Work to be completed: Print nothing except the line holding "This original String" and the lines that come after it in the material below, and leave the pictures out.

Data shown:
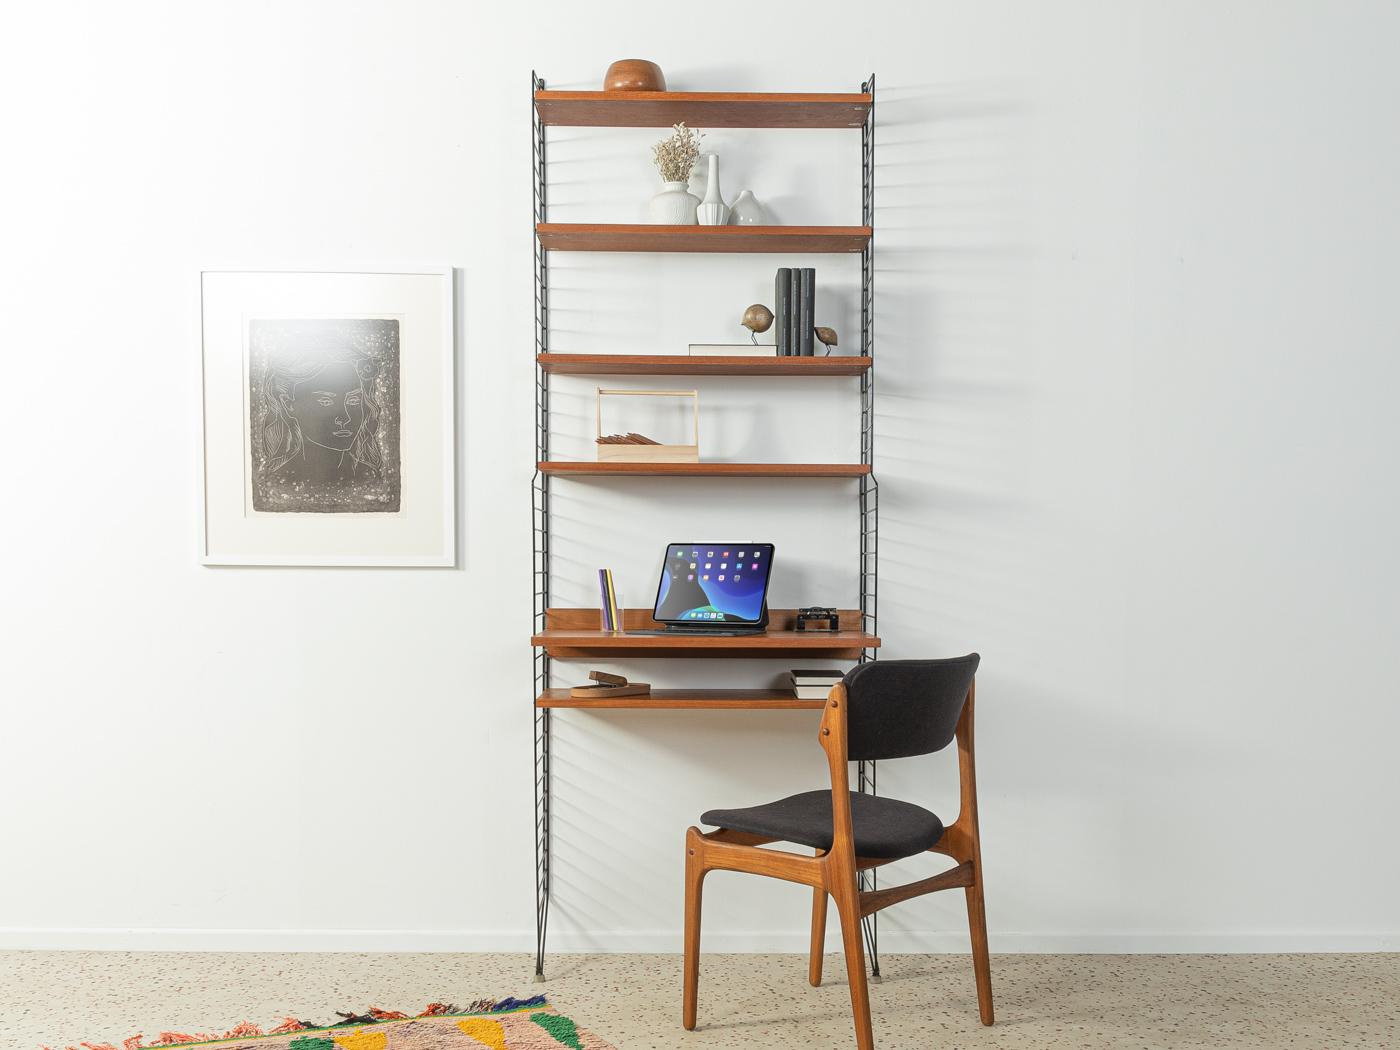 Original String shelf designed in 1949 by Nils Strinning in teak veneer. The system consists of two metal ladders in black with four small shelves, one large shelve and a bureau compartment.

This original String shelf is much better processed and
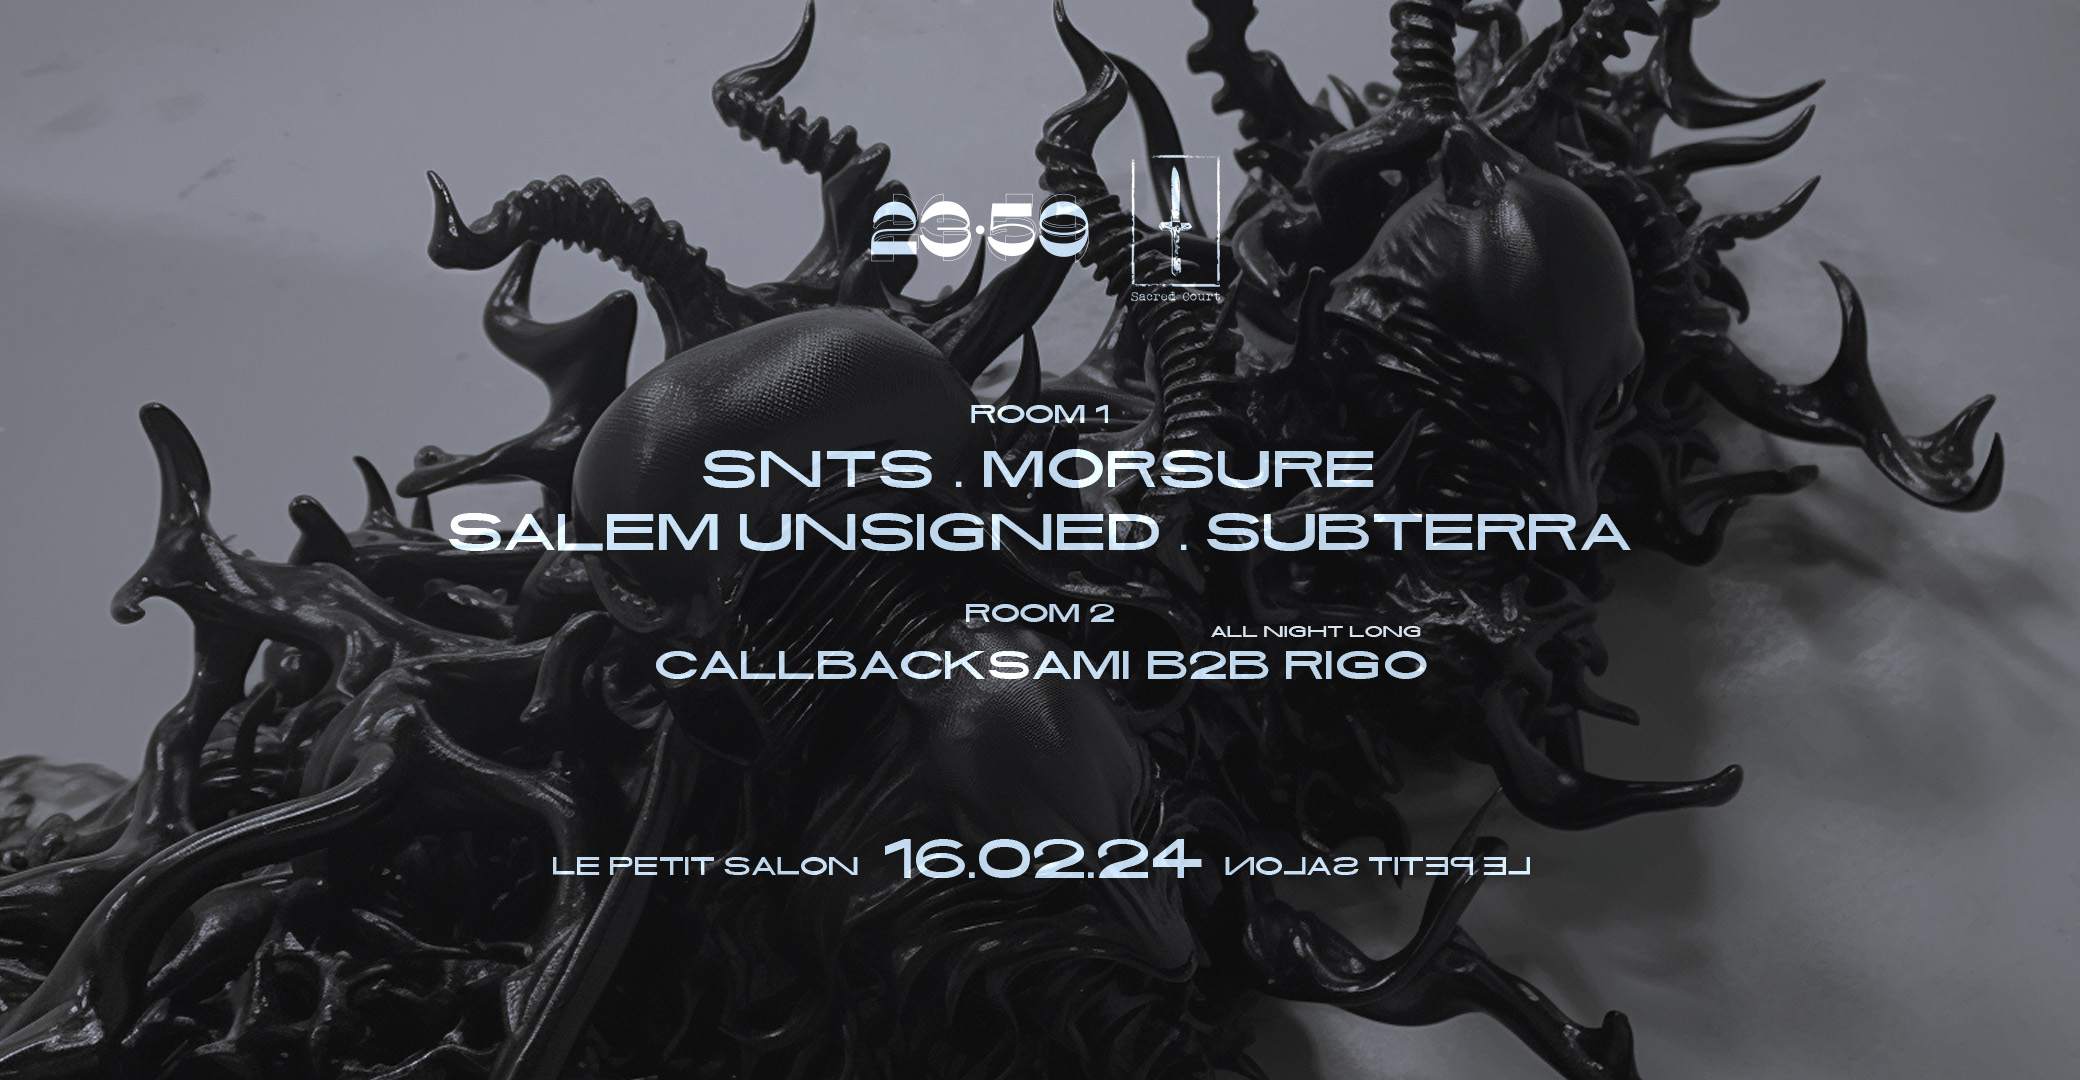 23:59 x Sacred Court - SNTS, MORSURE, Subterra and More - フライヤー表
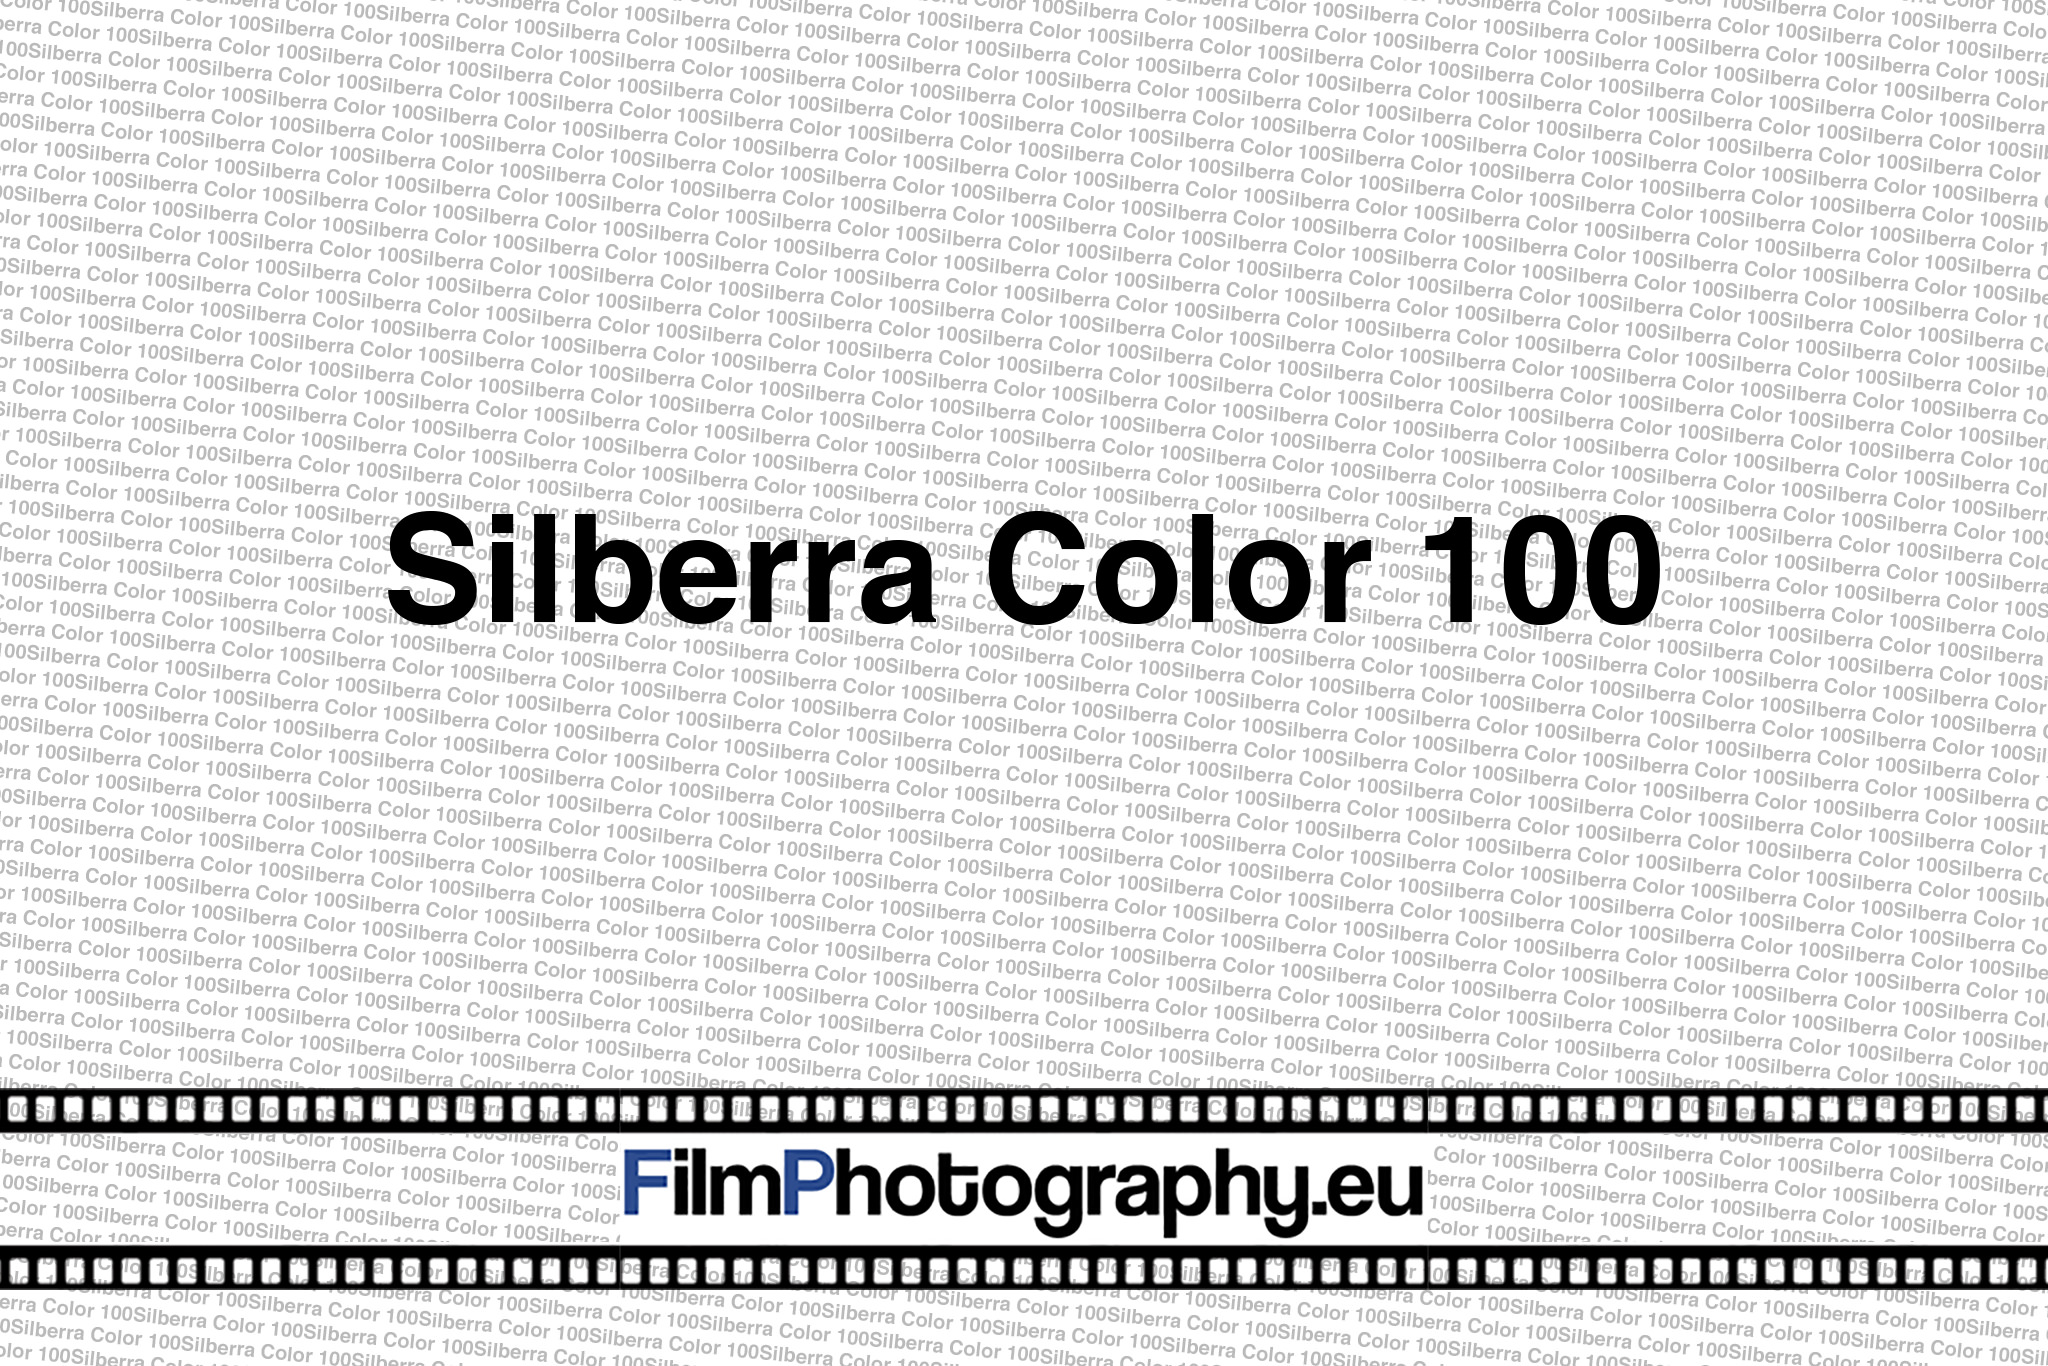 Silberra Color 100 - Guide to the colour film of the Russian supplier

Solution to this task:
This original String shelf is much better processed and
 23:59 x Sacred Court - SNTS, MORSURE, Subterra and More - フライヤー表
 Silberra Color 100 - Guide to the colour film of the Russian supplier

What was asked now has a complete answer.